5. Discussions and Results

Lessons Learnt

  • Consultative and inclusive policy making and decentralisation of top-down policy making process and water decision making is a pre-requisite for formulating an effective and functioning policy. People in the grass roots, i.e., those who are primary stakeholders like Farmers, Representatives of Dehkhan farms have an indigenous knowledge, the history and the tradition of managing agriculture and water in the region. For centuries these people have been growing cotton and wheat and other agricultural products in that area. Stakeholder participation may take longer time and effort and requires the set up of additional institutions or infrastructures. It would also requires a major shift in thinking of policy makers that the government is not a regulator any more, it is rather a ‘service provider’ and citizens are ‘customers’ of those services.
  • Implanting top-down quota system seems to have positive effects on a larger public and serves to the good intention of the government to have grain independence.

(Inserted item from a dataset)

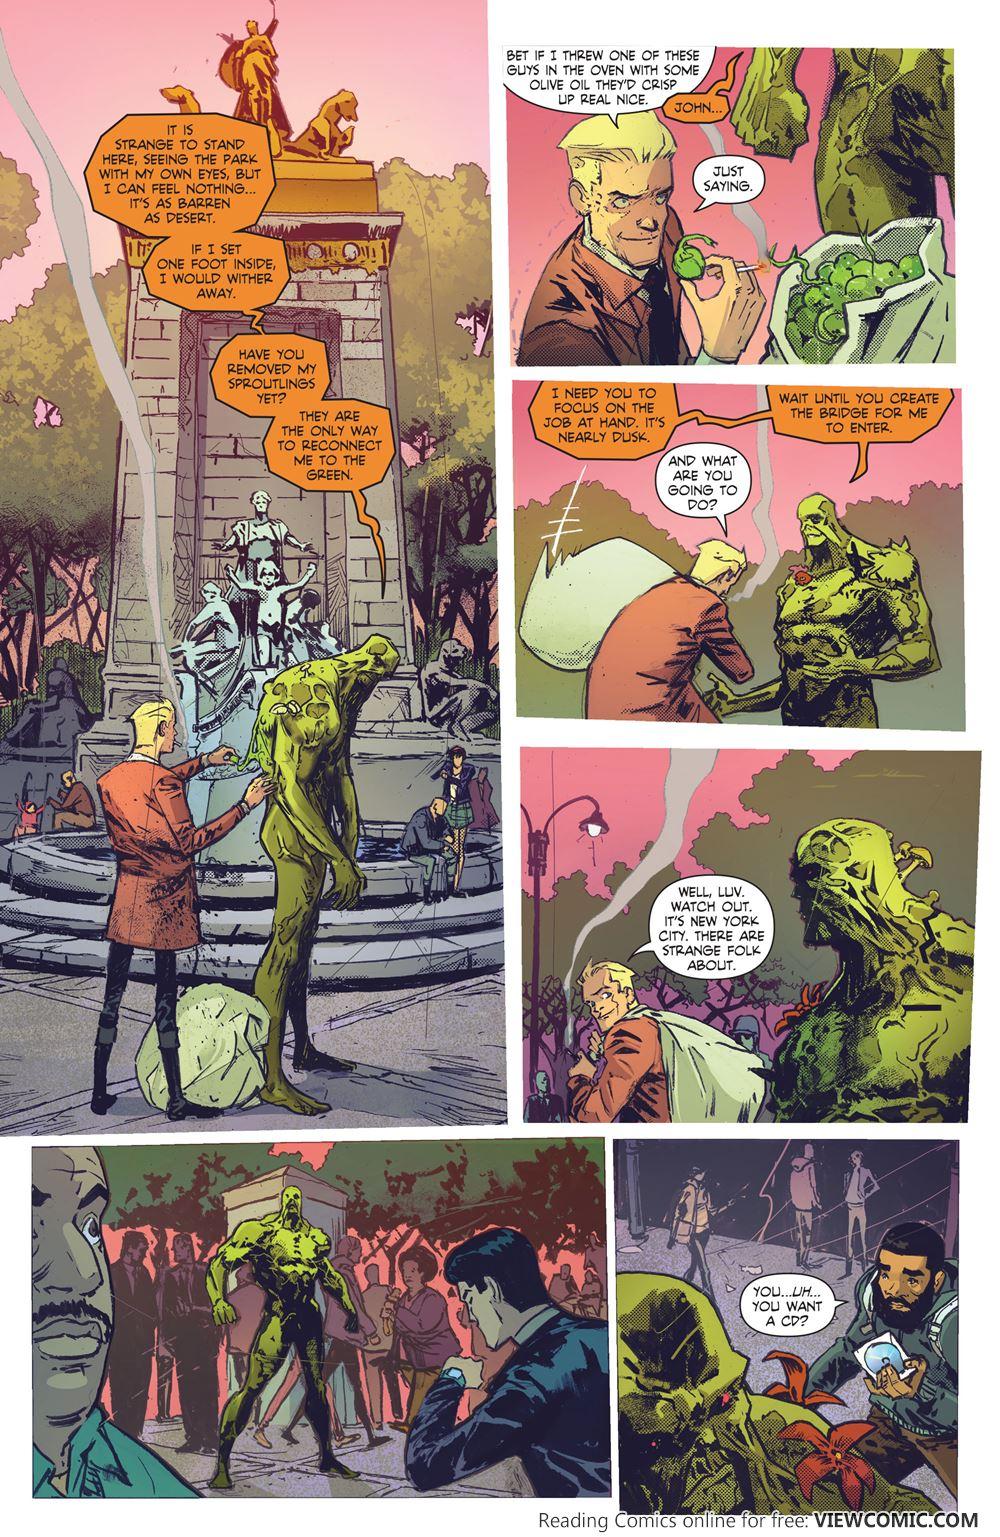 hellblazer read comic

However by allocating land for cotton and wheat the government is decreasing the motivation of farmers to get higher yields from the lands.

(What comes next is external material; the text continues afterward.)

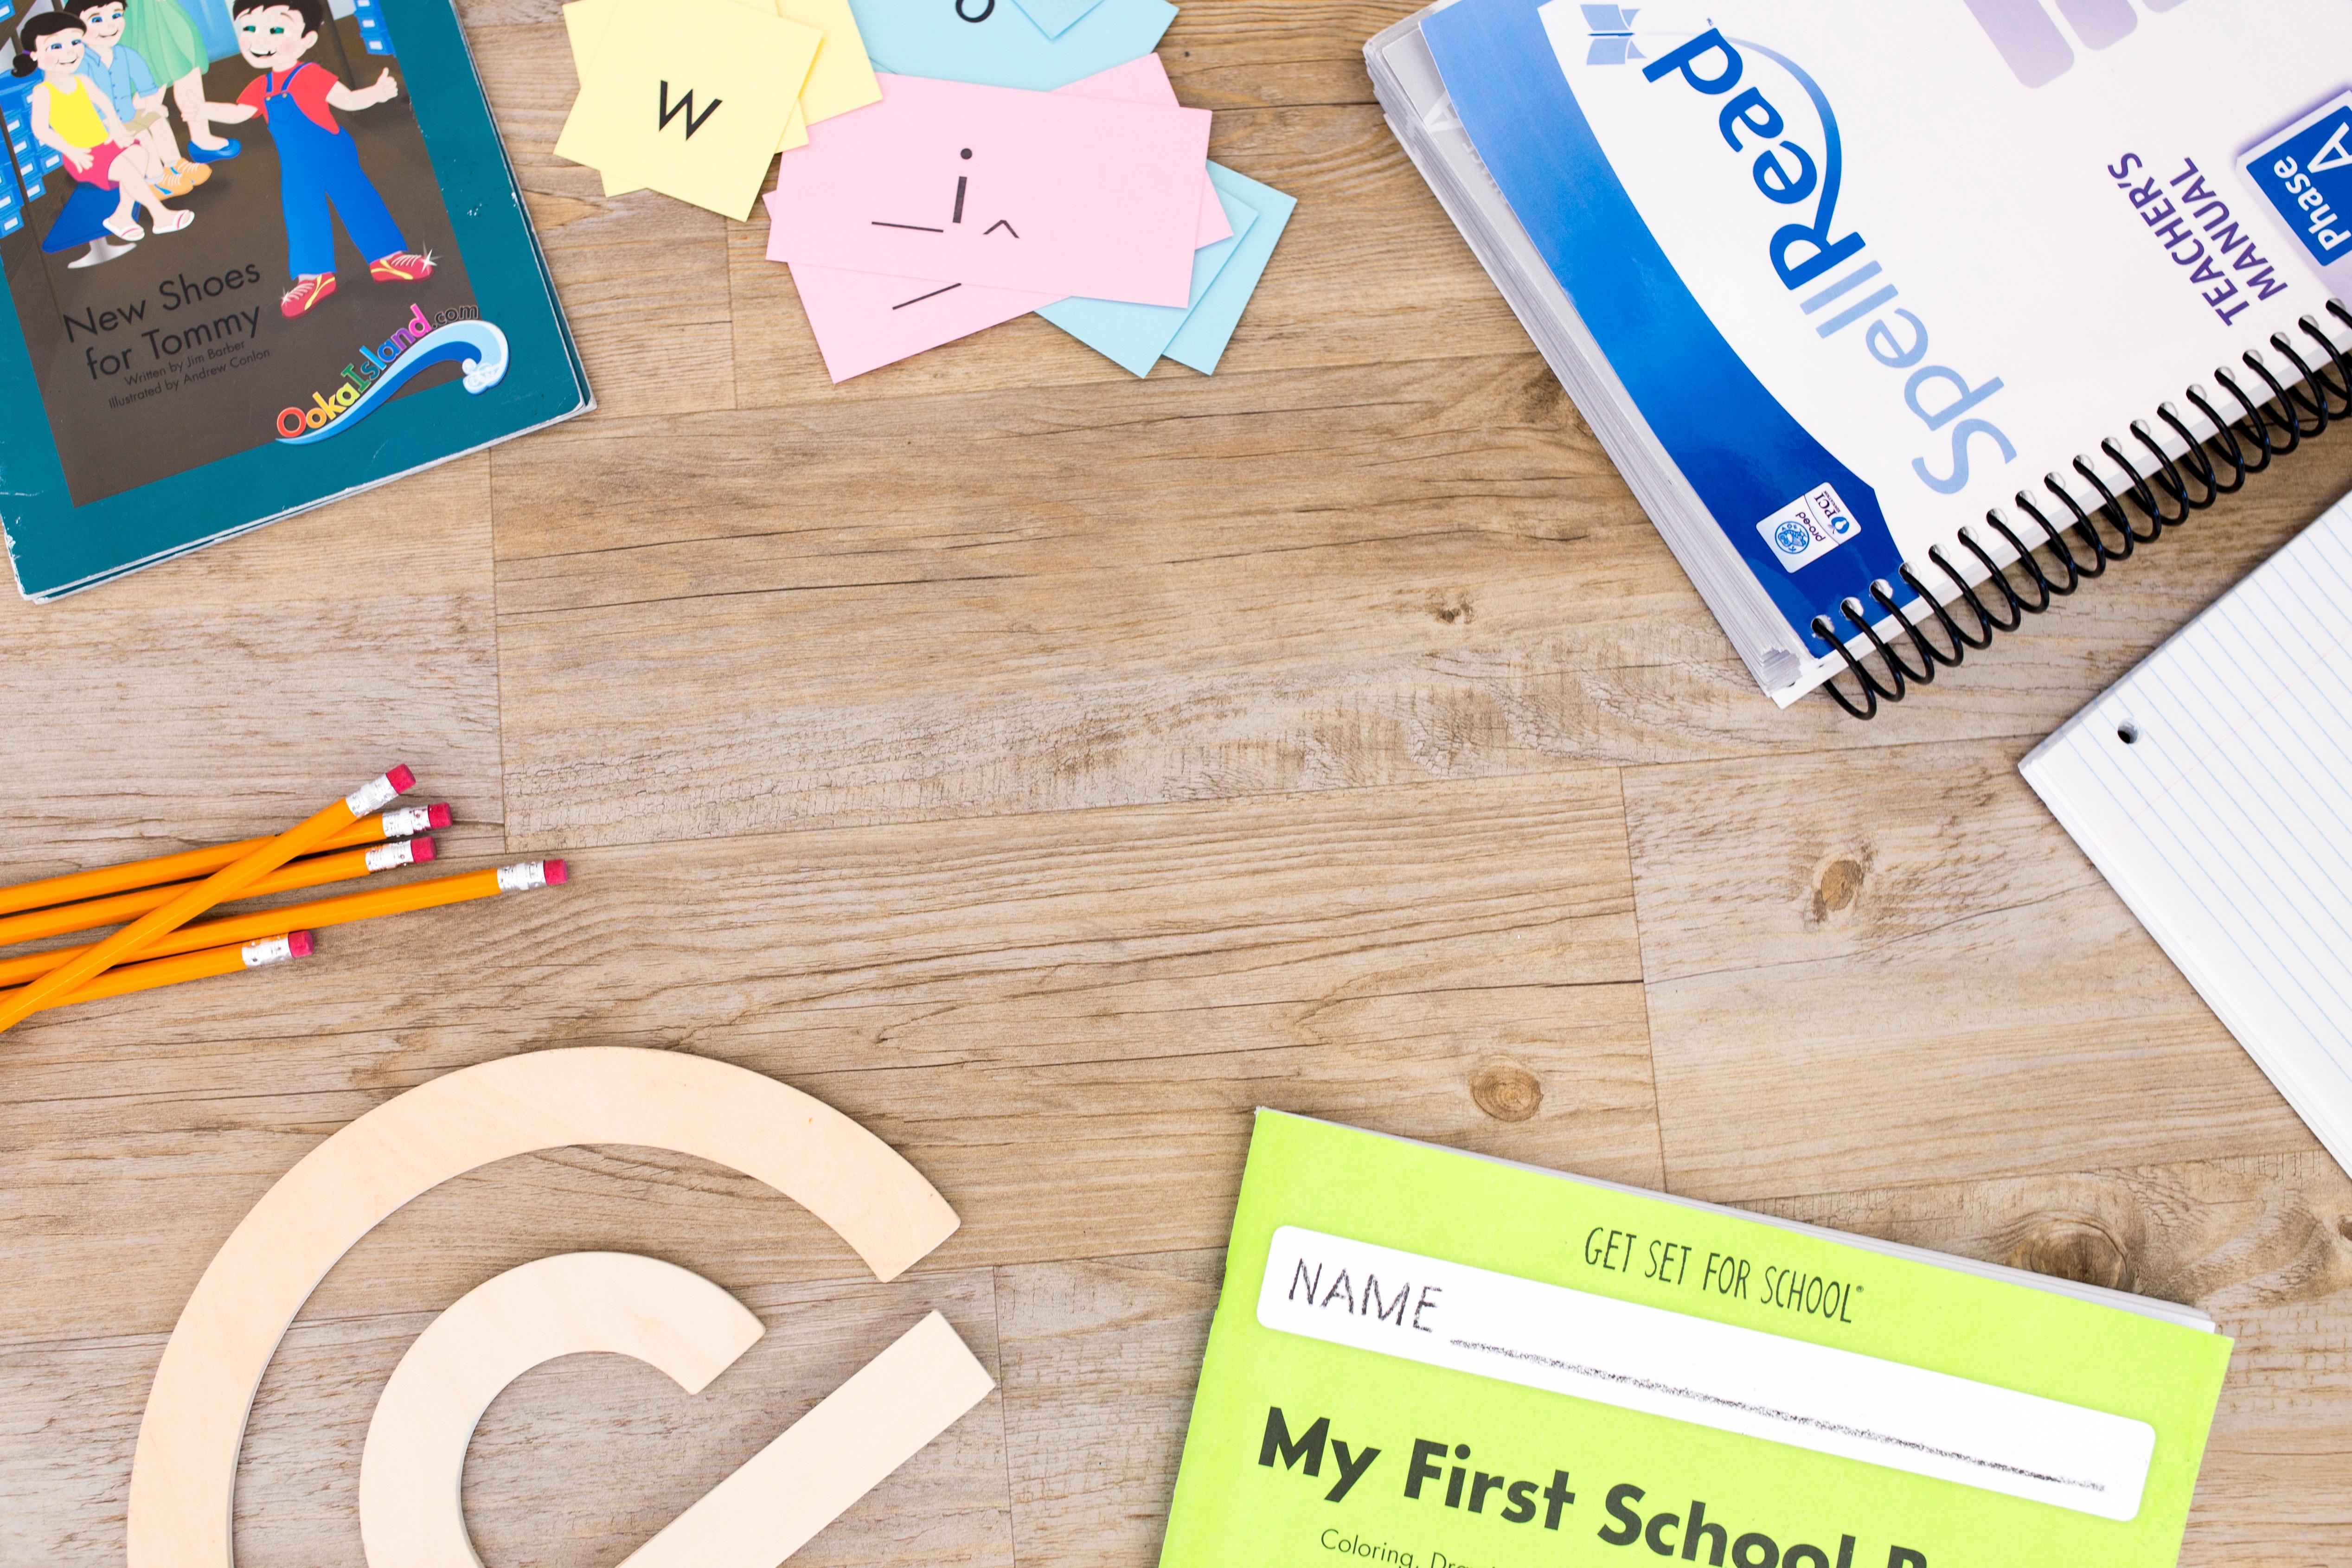 halifax learning spellread read write learn tutor tutoring evidence-based education

  • Western governance models might not be directly applicable to the countries like Uzbekistan in its entirety. Some adjustment is crucial for success. Donor led projects with heavy doses of external advice backed by resources is seen a norm for developing countries. By contrast western states are more autonomous in making decisions about their development paths [49]. With each new major shift in thinking practice in the west, there is first a period of attempted straightforward policy transfer, followed by concern about failures of implementation, followed by an attempt to reform the government and institutions of developing countries [50]. It is also ‘absence of informed analysis and the dominance of those concentrating on the transfer of the Western know-how that increase the danger of losing touch with the realities’ [51].

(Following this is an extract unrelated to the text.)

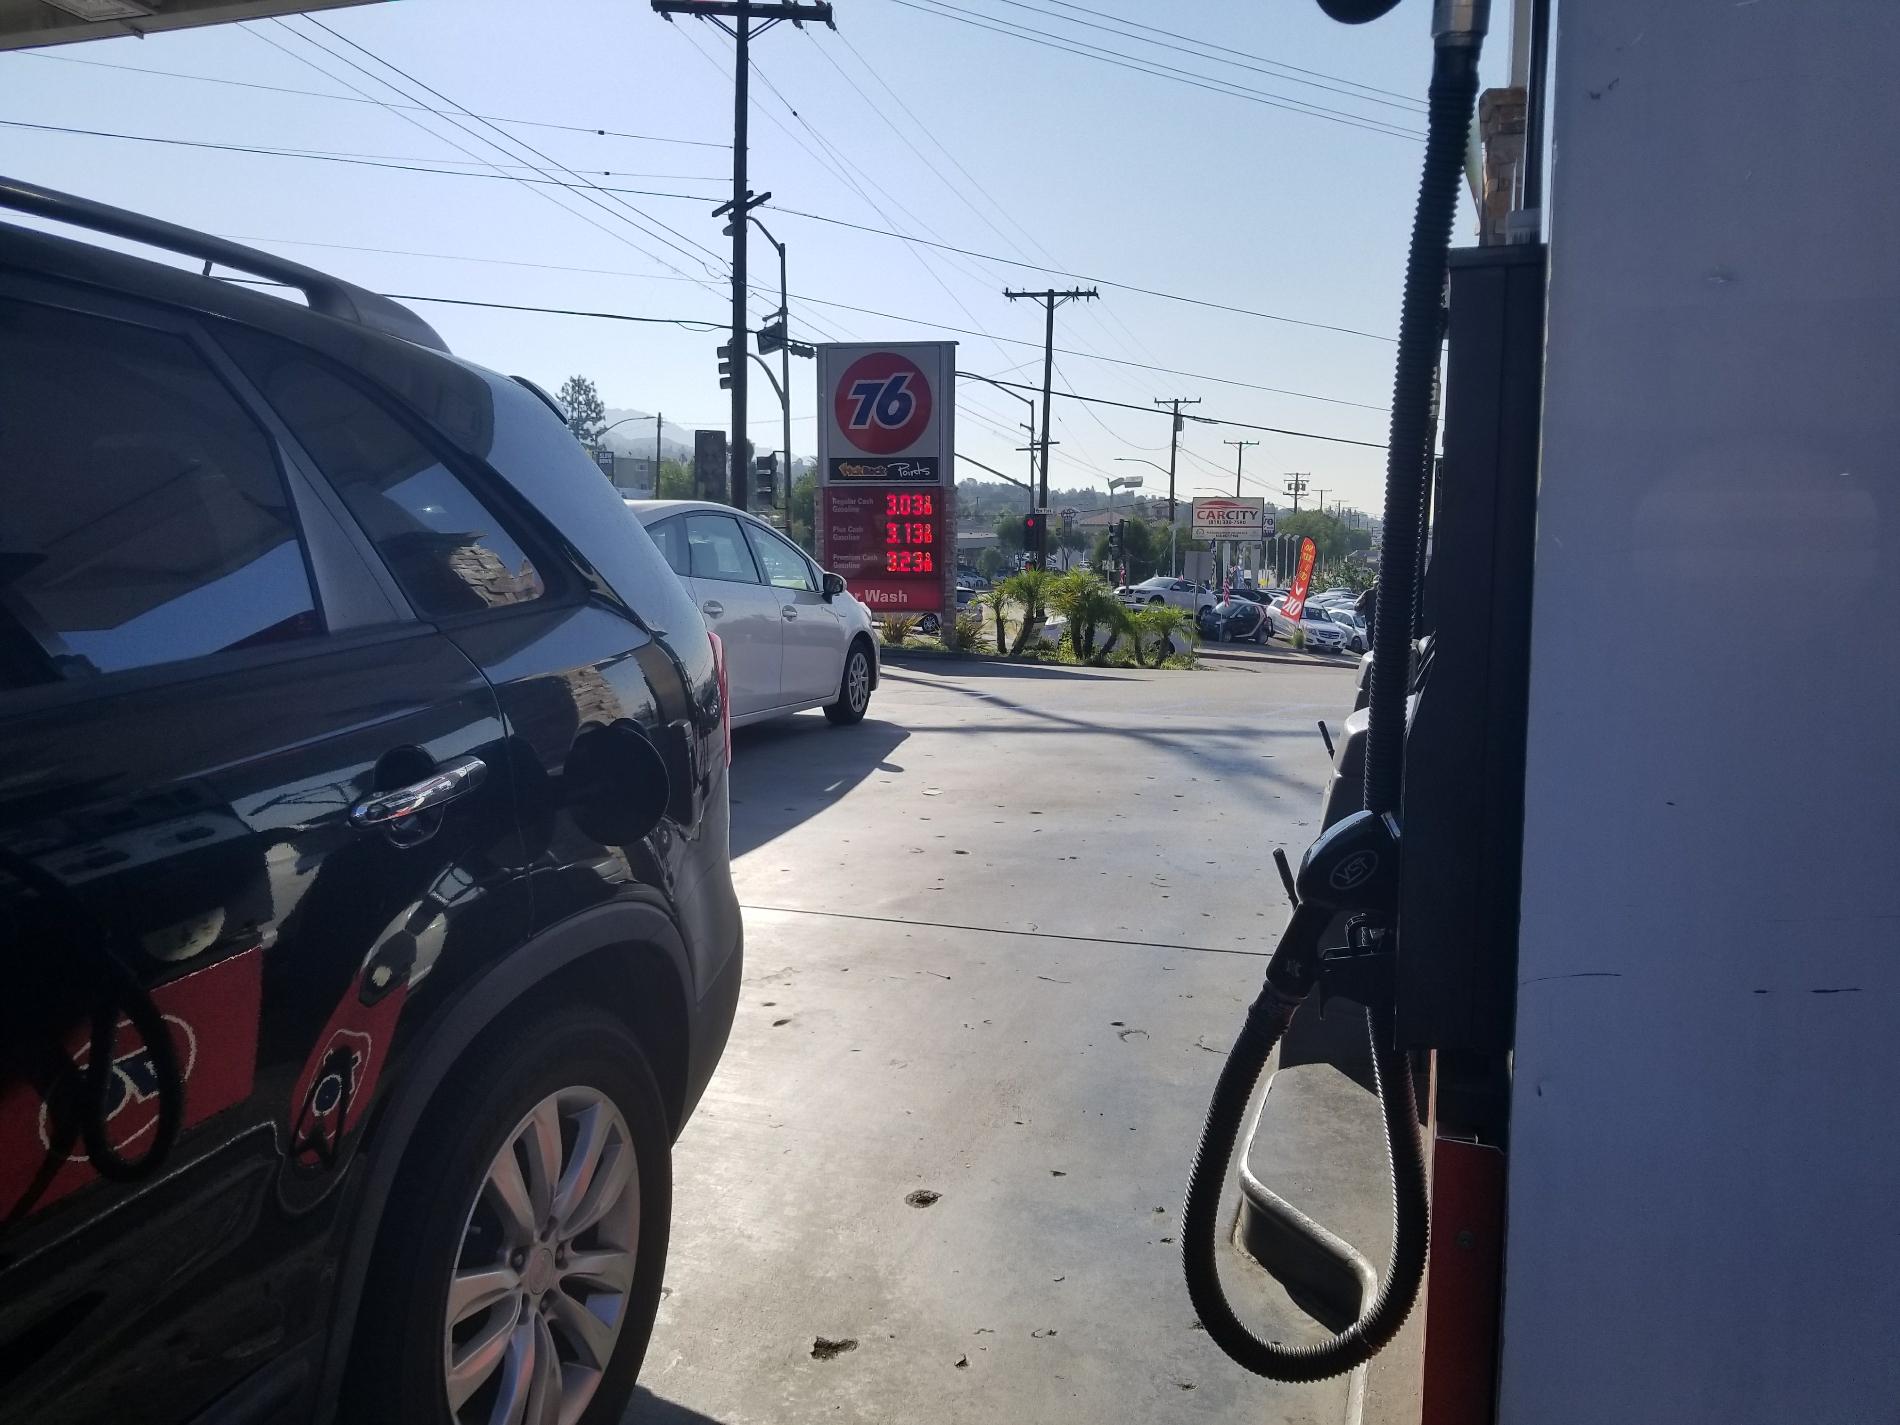 76 Station in La Crescenta

  • The quota system although have many shortcomings has major role on regulating water management for irrigation. In other countries where market economy was supposed to regulate agriculture, water distribution ended up becoming a very chaotic process [52]. However, the system which is now in place ignores many emerging socio-political trends in the local level, creating space for conflicts in the future. Recognition of demands of non-irrigation users, i.e., environment and livelihood needs into the water allocation process is a pre-requisite for sustainability of rural livelihoods. Improved water governance, such as inclusion of different stakeholders at least on water distribution decisions will reduce tensions over the water.

6. Conclusions

Socio-economic development is increasingly linked to vigour and effectiveness of policy making. Decision-makers recognise that without a reliable instrument for implementation, policies remain pipe dreams. In both, past and present, countries have struggled to create and manage public bureaucracies. From kings of the medieval era to the emperors of China, establishment and management of an efficient public administration has been on top of the agenda. If the example of Uzbekistan, its politics and transformation, so deeply rooted in tradition, so proud and self confident is to teach us a lesson, it is that autonomy in a modern period is limited and constrained, and a lot of effort and initiative is needed to translate recommendations and suggestions into co-ordinated policies and management systems.
The application of governance analysis framework for Uzbek conditions helped to shed a light on very complex socio-political process of water management under state quota system. The tool was instrumental for analysing water allocation and water distribution processes under state-centric environment. The identification of major stakeholders and their relevance to the state quota system also helped with identifying what resources, access mechanisms are needed for getting access to water. The lessons learnt from this research create an approach which could be applied for the water management governance analysis in similar conditions.